Suspected MongoDB Data Loss Problem

  mongodb, question

Using MongoDB for data insertion, we found that there is a problem of data loss.

Cluster environment: five windows server2008 servers, equipped with five shard, with the mode of one master, one slave and one arbitration.

Scenario description: there are about 4000w of data with a size of 62G (picture data). the insertMany method of IMongoCollection interface provided by MongDB C# Driver is used for batch insertion, with about 100 pieces at a time. the write mode of the program has been configured as WriteConcern.Acknowledge, and the journal is opened. the InsertMany also uses try to capture the exception. the final execution result is that no exception is captured. After the execution of the program was completed, some data was found missing.
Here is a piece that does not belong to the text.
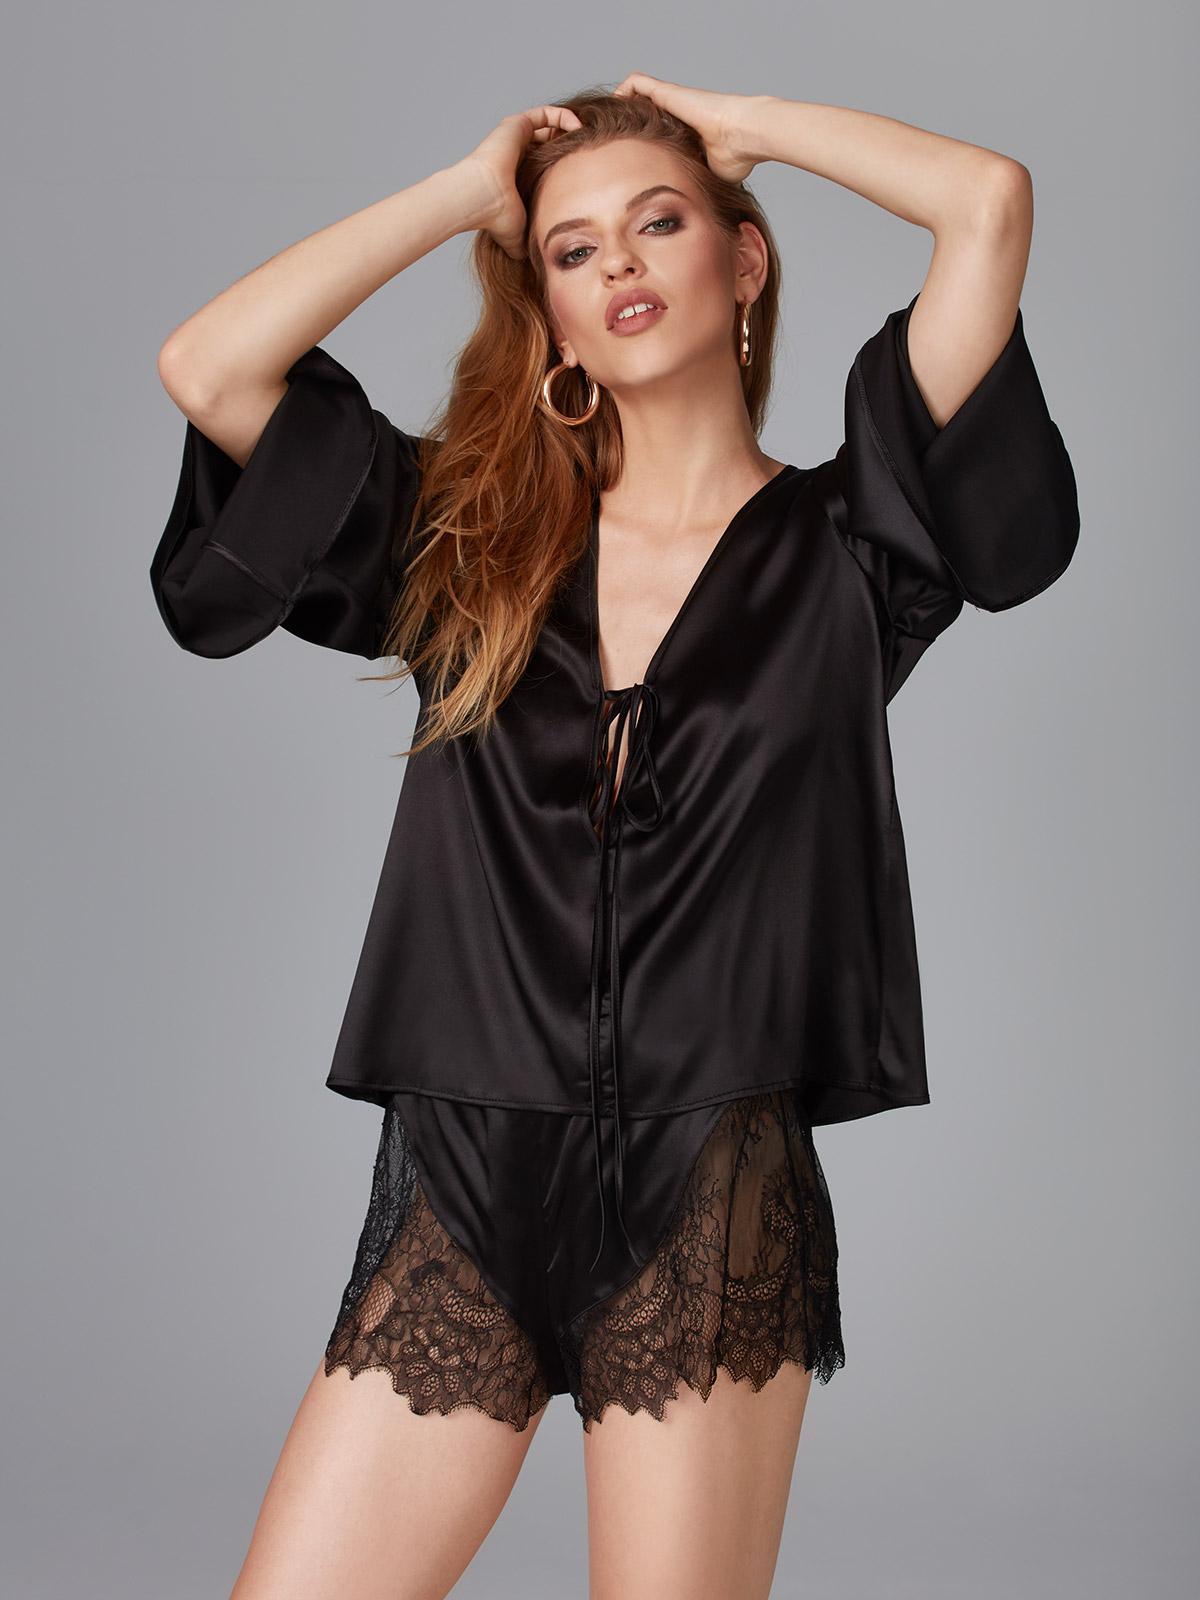 Amore OZ021 Camicia Seta<br />Vogue OZ022 Shorts Seta e Pizzo<br />01 Ivory, 02 Black
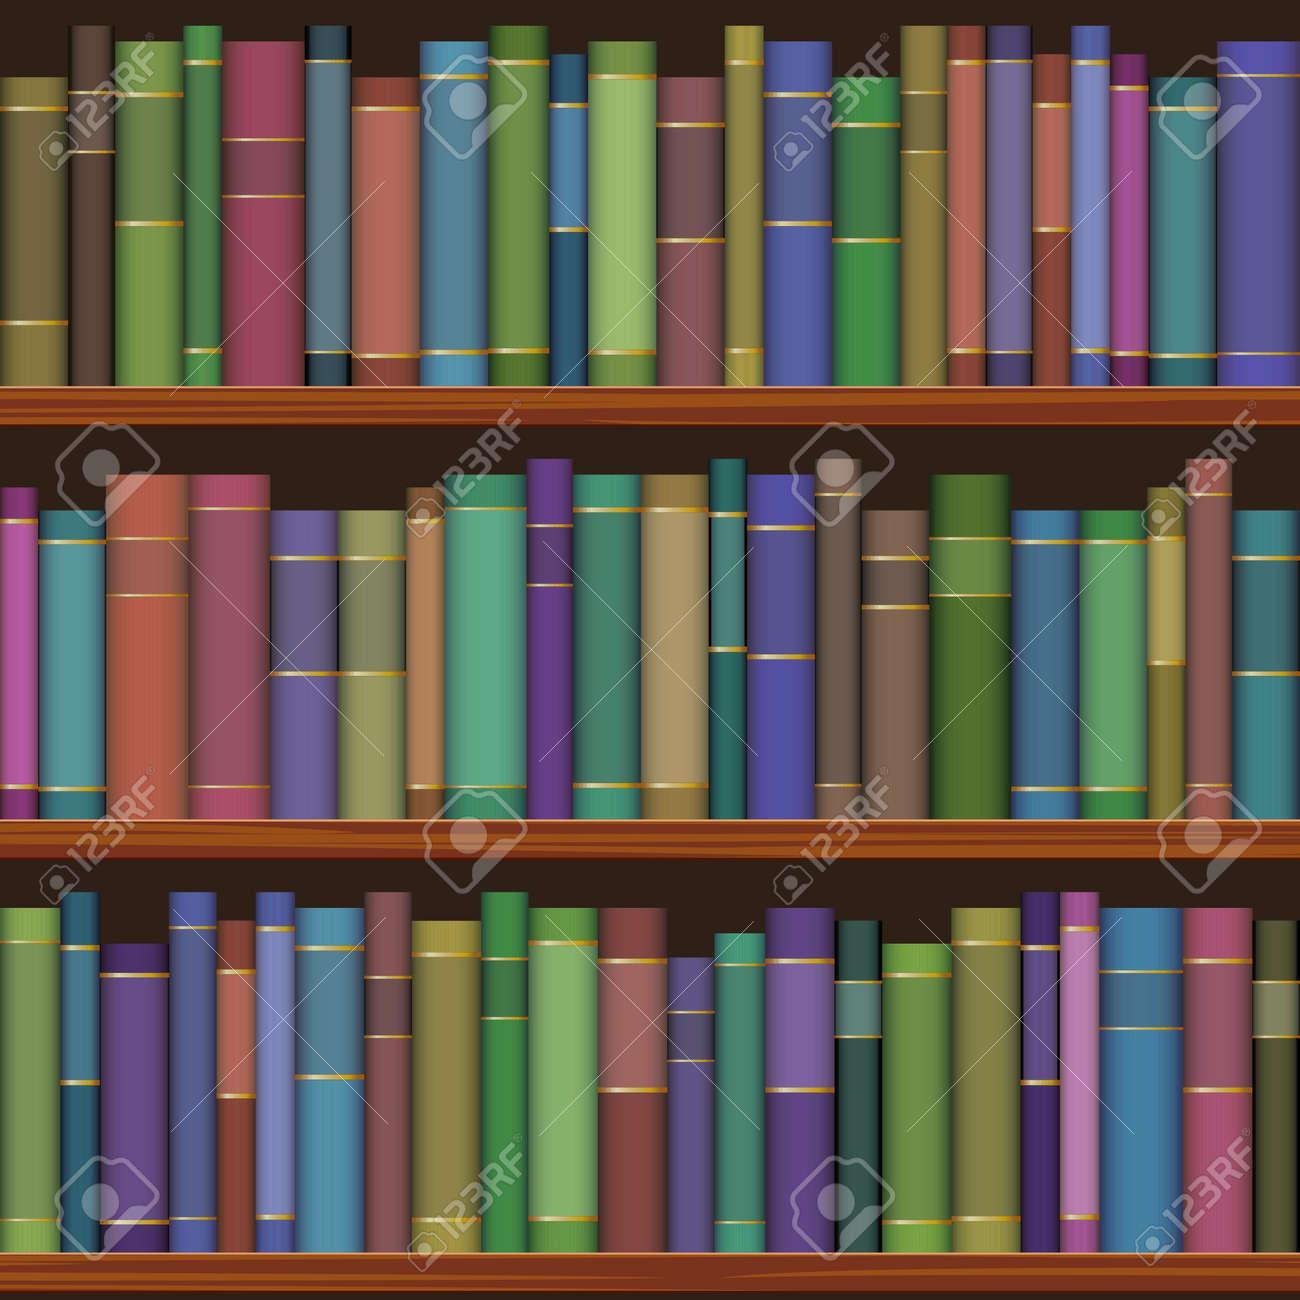 کتاب و کتابخوانی کتاب های ممنوعه و نایاب

The number of data parsed by the program is 39821308, while the number counted in mongoDB database is 39804543.

Can Daniel help me analyze and explain it? After analyzing for about a week, I really have no idea.

Because of MongoDB related services, they are suspected to be lost every three to five times, but so far none of them have been really lost.
If you are fully confident that there are no code problems, most people may encounter the following situations:

Count result is incorrect after abnormal shutdown:Accuracy after Unexpected Shutdown;

After an unclean shutdown of a mongod using the Wired Tiger storage engine, count statistics reported by count may be inaccurate.

Count result is not accurate in Sharding environment:Behavior

On a sharded cluster, count can result in an inaccurate count if orphaned documents exist or if a chunk migration is in progress.

You mentioned above:

The number of data parsed by the program is 39821308, while the number counted in mongoDB database is 39804543.

Since the data returned by the program and shell should be the same, you may be the second possibility mentioned above. In order to obtain accurate numerical values, we need to use the aggregation method as described in the document to calculate the correct results.

supplement

Based on the situation you mentioned, there are other situations that may lead to missing data:

  1. Does the pressure exceed the limit when inserting data in large quantities, resulting in master-slave switching of nodes? You can observe whether keywords such as PRIMARY, SECONDARY have appeared in the log to determine whether switching has occurred.
  2. W=1 is used for write operation by default. Has the default behavior been modified?
  3. There is also a rare but actual situation. Has the inserted data been deleted again? Can be found inlocal.oplog.rsTo find out if there are any missing documents_idTo determine this.